Prostituzione un reato?

Per consentire un dibattito riporto sul blog il comunicato stampa di AzioneTrans, sulle dichiarazioni del ministro Maroni ed il progetto di istituire il reato di prostituzione.

COMUNICATO STAMPA - RIFLESSIONI SUL REATO DI PROSTITUZIONE

Il Ministro Maroni ha invitato pubblicamente alla riflessione riguardo il reato di “adescamento”, quindi di prostituzione. Nella speranza che l’invito non fosse esclusivamente rivolto ai Parlamentari, ci permettiamo alcune riflessioni che sottoponiamo al Ministro ed a chiunque dovrà assumersi responsabilità in merito all’argomento.
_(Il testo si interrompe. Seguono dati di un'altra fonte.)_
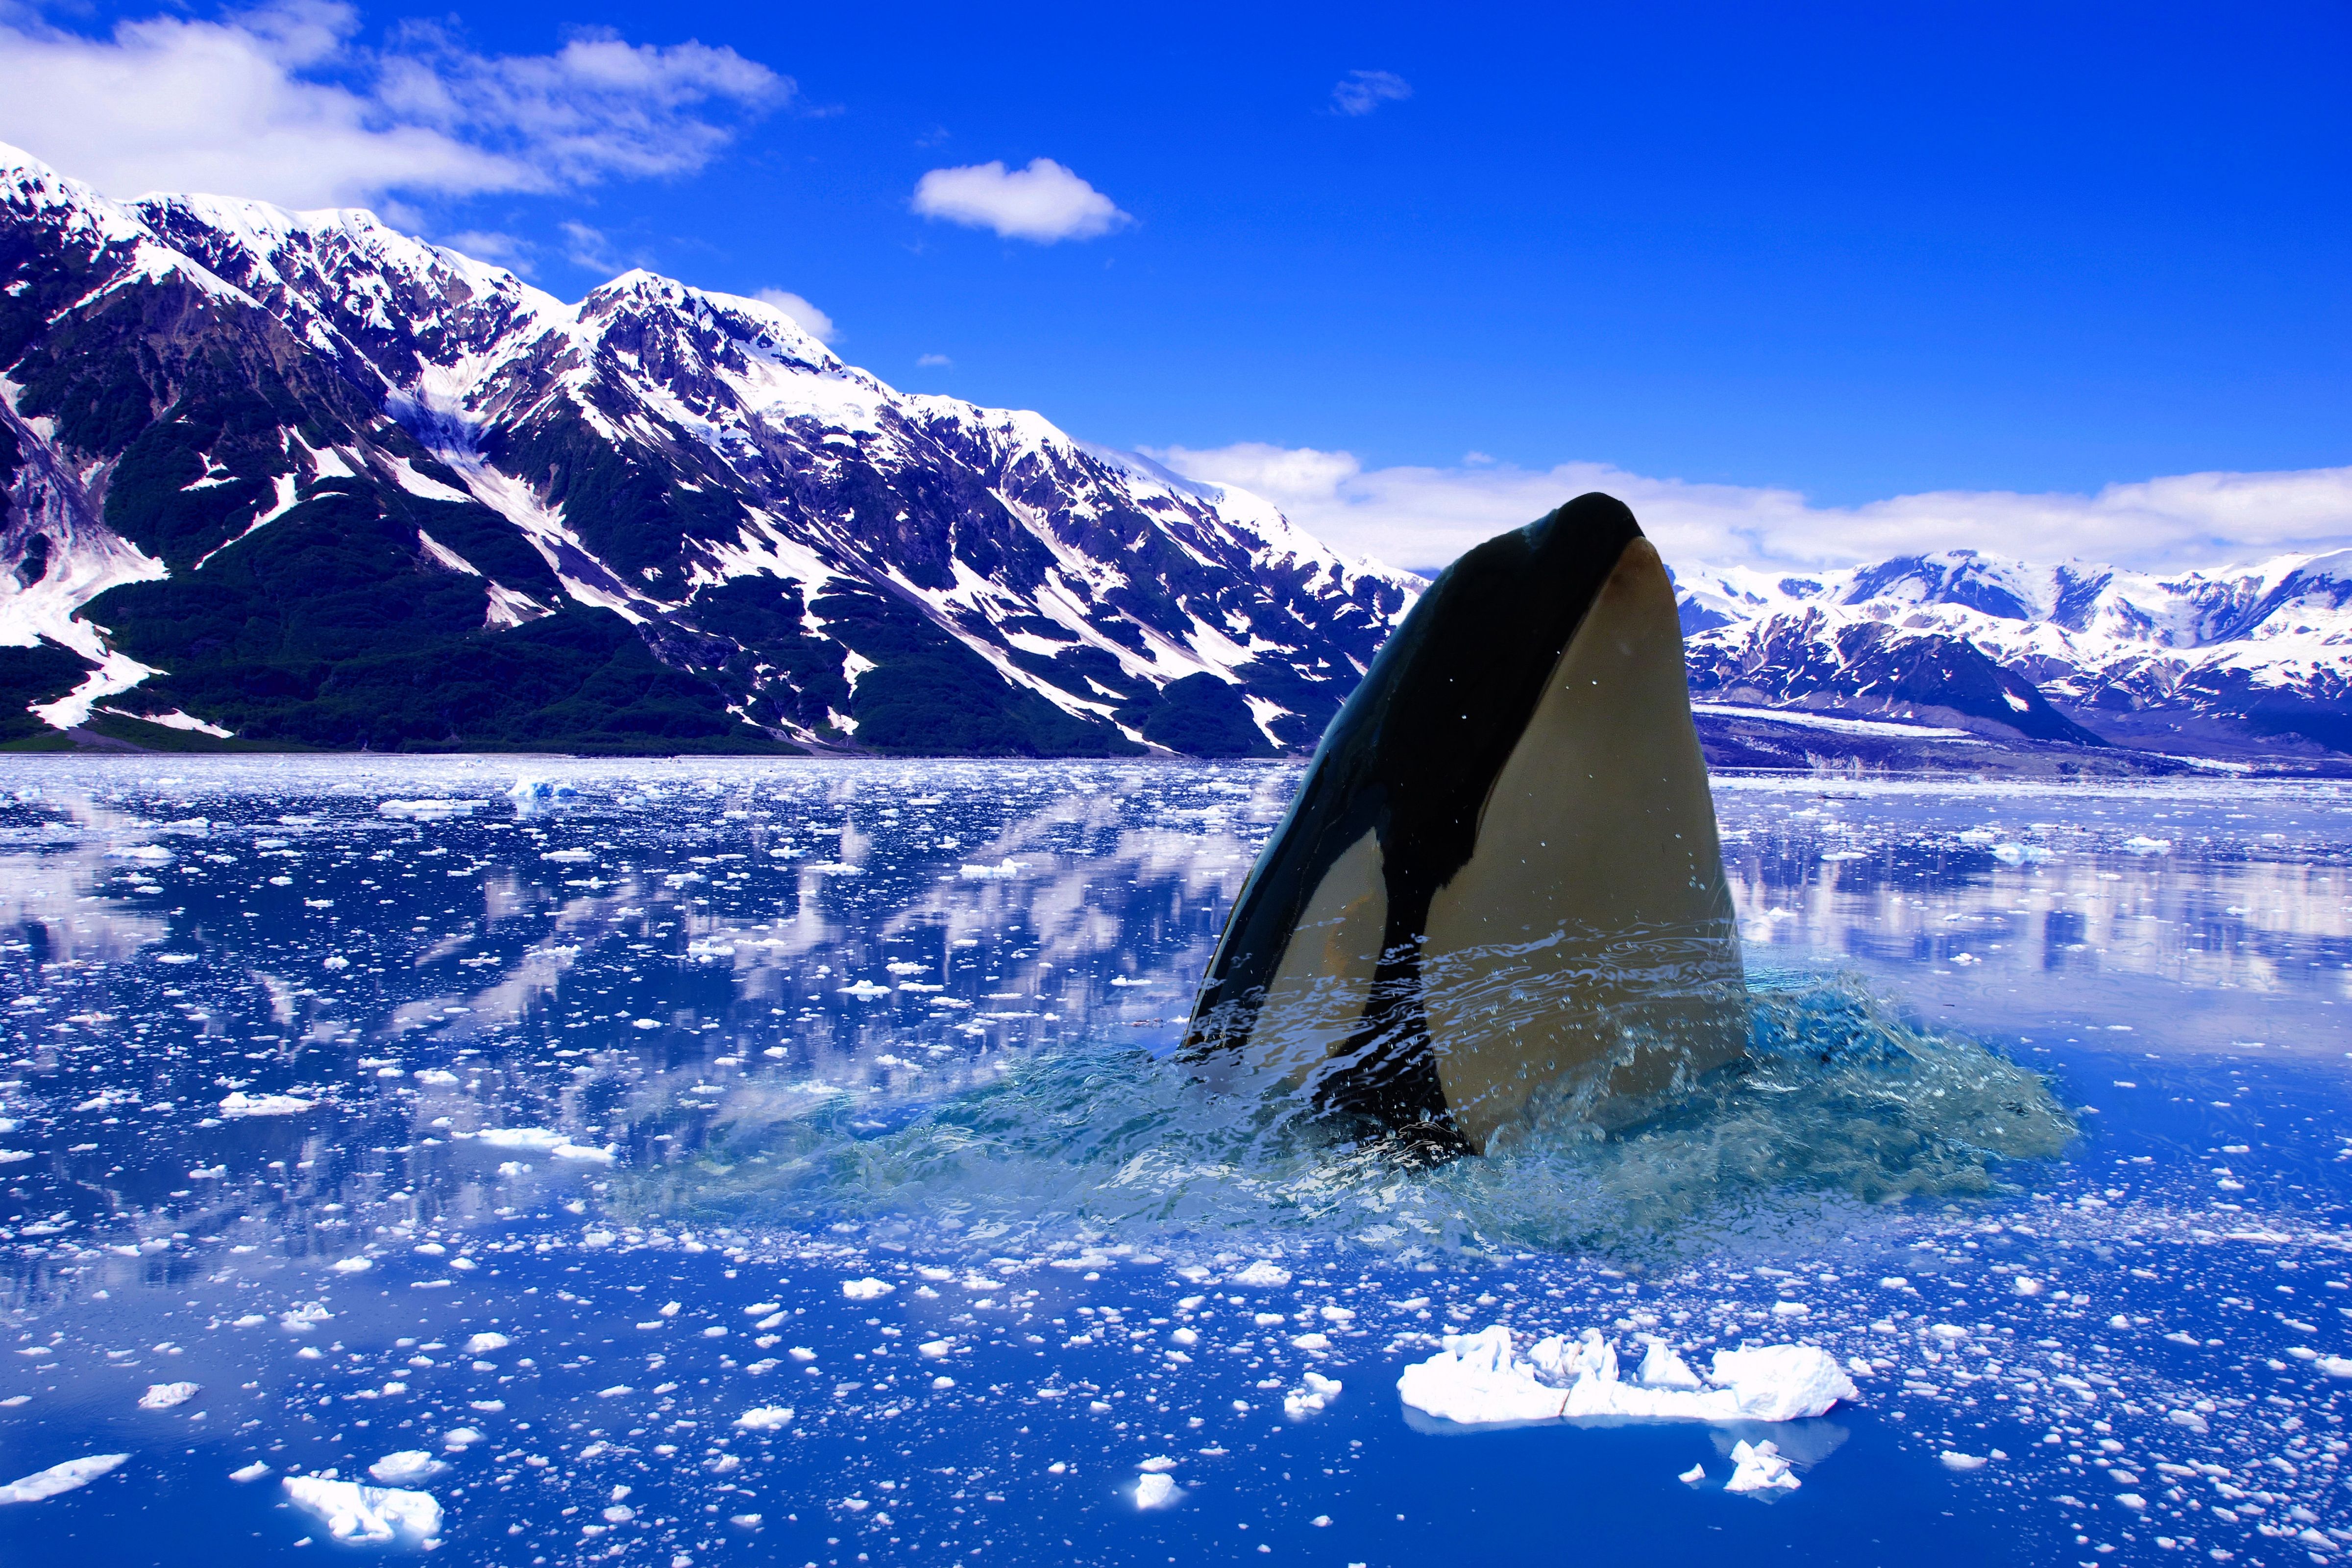 Killer Whales In The Atlantic Ocean - ocean wildlife list

Come è noto, la prostituzione – specie quella “in strada” – è formata da donne in gran parte extracomunitarie e sotto trafficking e da persone transessuali, anch’esse spesso extracomunitarie e sotto trafficking (fatto che si vuol rendere poco noto per affermare l’immagine della “trans” che “batte” perché le piace farlo), ma con una più alta percentuale anche di italiane.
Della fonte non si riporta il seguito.